Most recent studies have shown that Benign Mixed Epithelial And Stromal Tumor Of Kidney shares some biological mechanisms with auricular-swelling, carcinoma, congenital-mesoblastic-nephroma, contact-dermatitis, cystic-nephroma, edema, epilepsy, infertility, kidney-neoplasm, malignant-neoplasms, malignant-paraganglionic-neoplasm, neoplasms, neoplasms-complex-and-mixed, neoplasms-glandular-and-epithelial, nephroblastoma, pain, renal-cell-carcinoma, russell-silver-syndrome, stromal-neoplasm.

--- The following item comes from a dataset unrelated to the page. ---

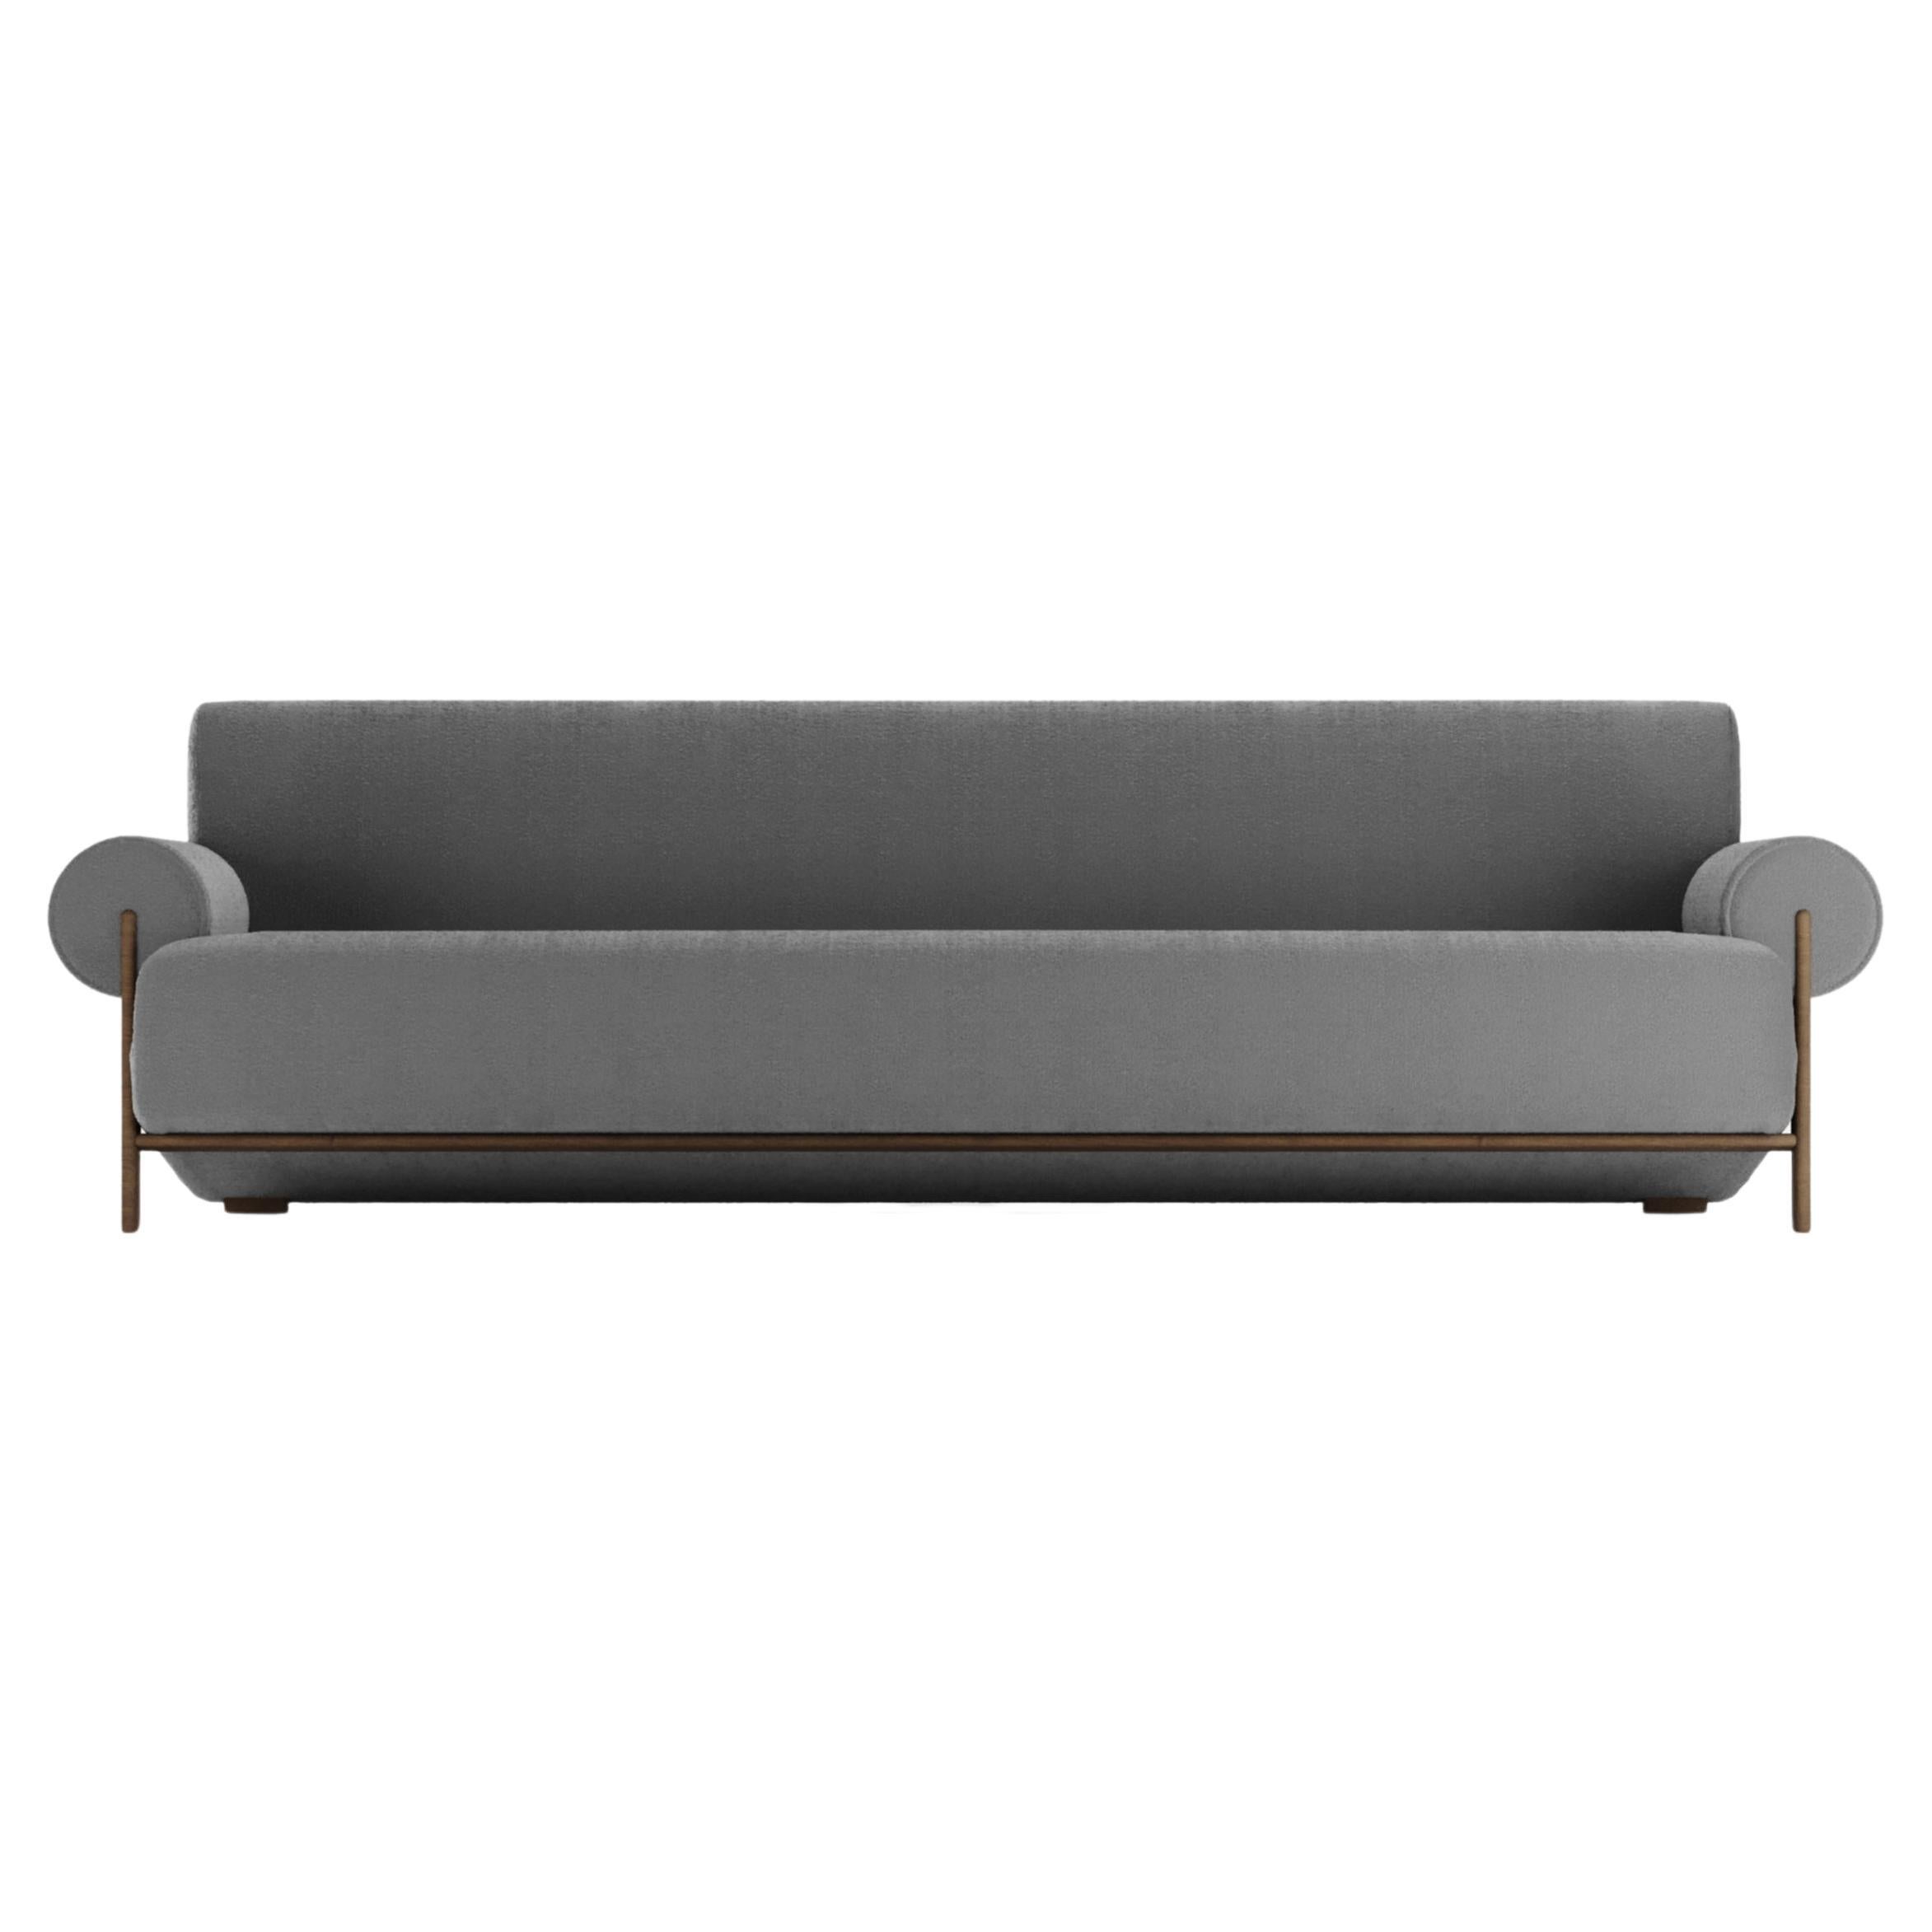 Contemporary Modern Paloma Sofa in Bouclé Charcoal Grey by Collector For Sale

Among the many pathways, these few ones have gauged particular interests from scientists studying Benign Mixed Epithelial And Stromal Tumor Of Kidney, and have been seen in publications frequently: Cell Adhesion, Cell Proliferation, Demethylation, Dna Methylation, Embryo Development, Fertilization, Histone Modification, Hypersensitivity, Localization, Long-term Memory, Lymphocyte Proliferation, Maternal Behavior, Metaphase, Methylation, Oocyte Development, Oocyte Growth, Oogenesis, Pathogenesis, Sensitization, Spermatogenesis
Quite a number of genes have been found to play important roles in Benign Mixed Epithelial And Stromal Tumor Of Kidney, such as CDKN1C, COPG2, DES, DLK1, ESR1, GRB10, IGF2, IGF2R, MEST, NDN, PEG10, PEG3, PGR, PLAGL1, SNRPN, WDR20. See what Boster has to offer for the research of these genes by clicking the gene name links below and view a more detailed info card/product listing for that gene.
In a later update, we will include information such as current drugs and therapy solutions as well as on-going and past clinical trials for this disease. Plesae stay updated.